Para olvidarme, eso sí, del hombre ajeno a la historia, con esos
adornos que le pusieron los que querían escondernos su mensaje bajo dogmas
abstractos y al que he descubierto humano y real, condenado por su rechazo a la
opresión tanto del poder político como del religioso.
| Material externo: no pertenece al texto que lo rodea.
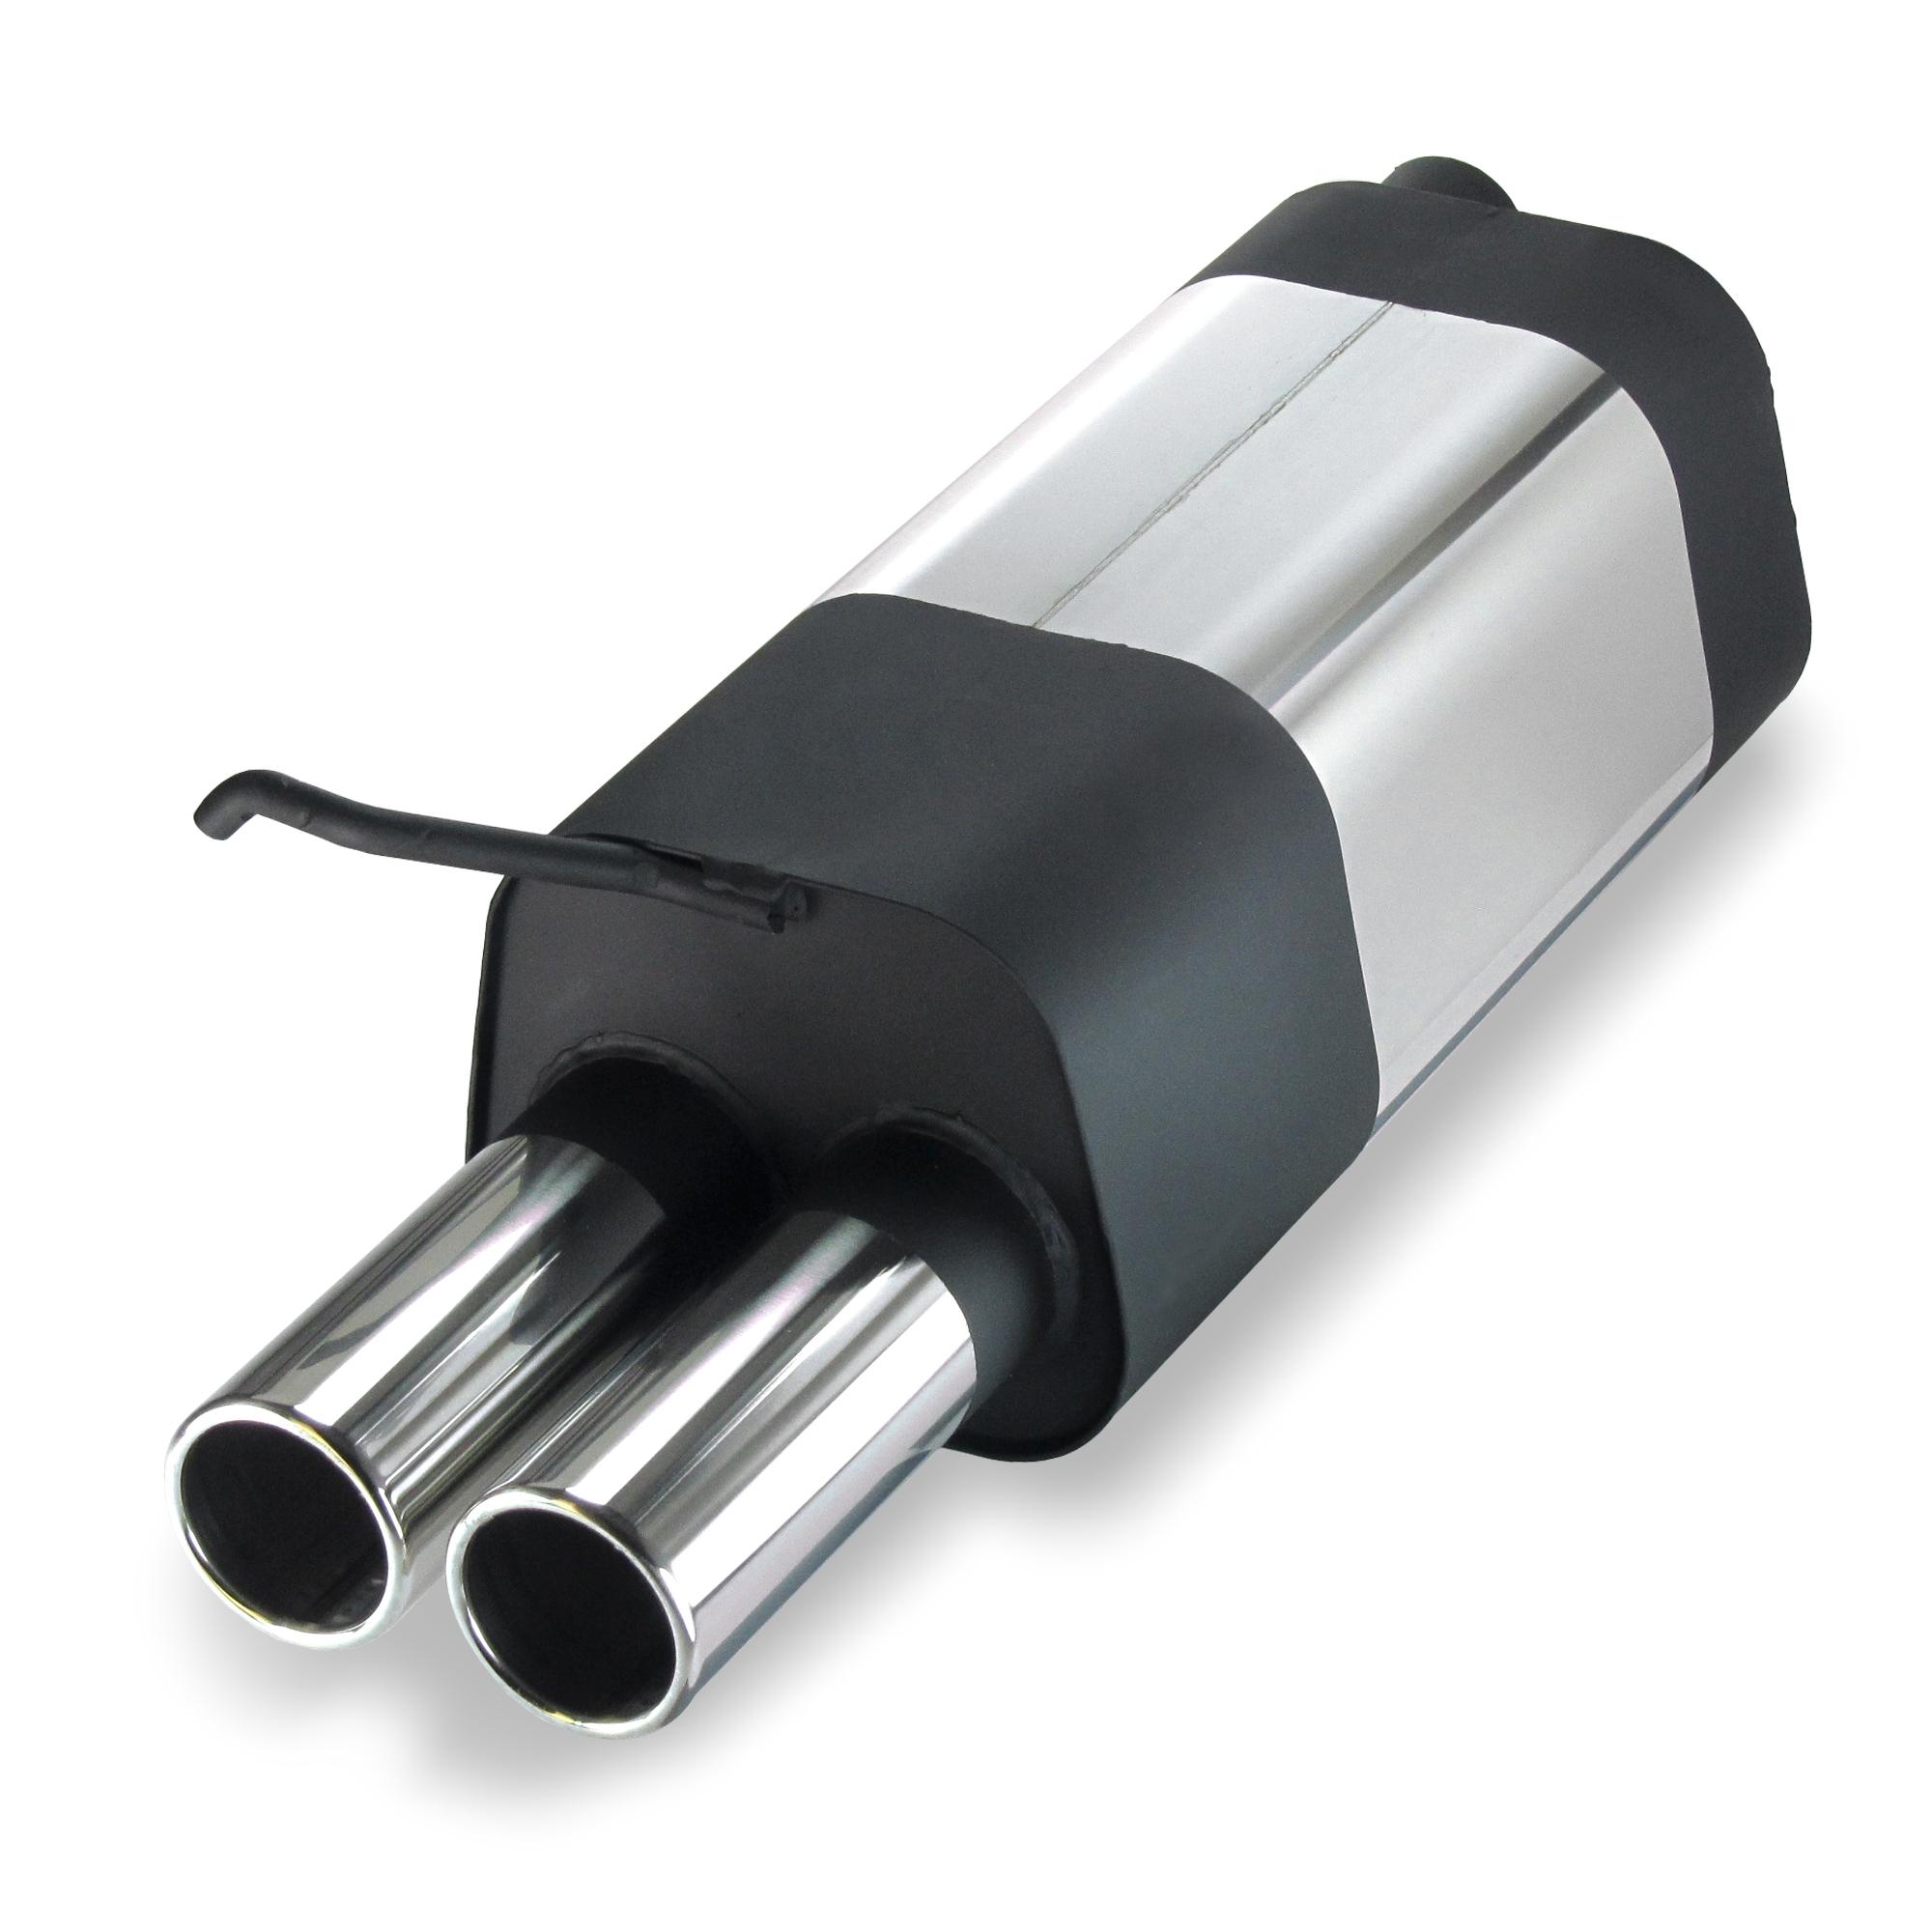 JOM Bagpotte rustfri stål med 2x76 mm lige afgange. Til VW Golf 41J Udvendig tilbehør > Udstødning

Para no olvidarme de que la tierra y sus
bienes son cosas comunes, de todos, que no debemos apropiarnos ni conquistar. Y
repetir con Stiglitz que me parece terriblemente
injusto que en un mundo con tanta riqueza y abundancia haya tanta gente que
vive con pobreza.
Y que hay que humanizar el derecho y la justicia
penal porque la “justicia social” debe anteponerse a la “justicia legal”.
Que
nuestro ”espacio liberado”, como le denomina una compañera, no puede olvidarse del
forastero, del huérfano, de la viuda, de reconocer al otro, para que nunca se
convierta, como tantos otros, en “cueva de ladrones”.
Para
no olvidar que, como dijo Javier Baeza, hemos de reclamar la memoria y
denunciar que no se puede construir una nueva Europa sin acoger a los que
vienen, a quienes hemos esquilmado también en África.
Para
recordar que este sistema ha quitado del centro a la persona y ha colocado en
su sitio al “dios dinero” con su sumo sacerdote , el mercado, que exige
continuos sacrificios y que nunca se sacia.
Para
no olvidar, en fin, lo que aprendí desde joven aquí, que es que a los crucificados
de hoy día es a quienes hemos de bajar de la cruz.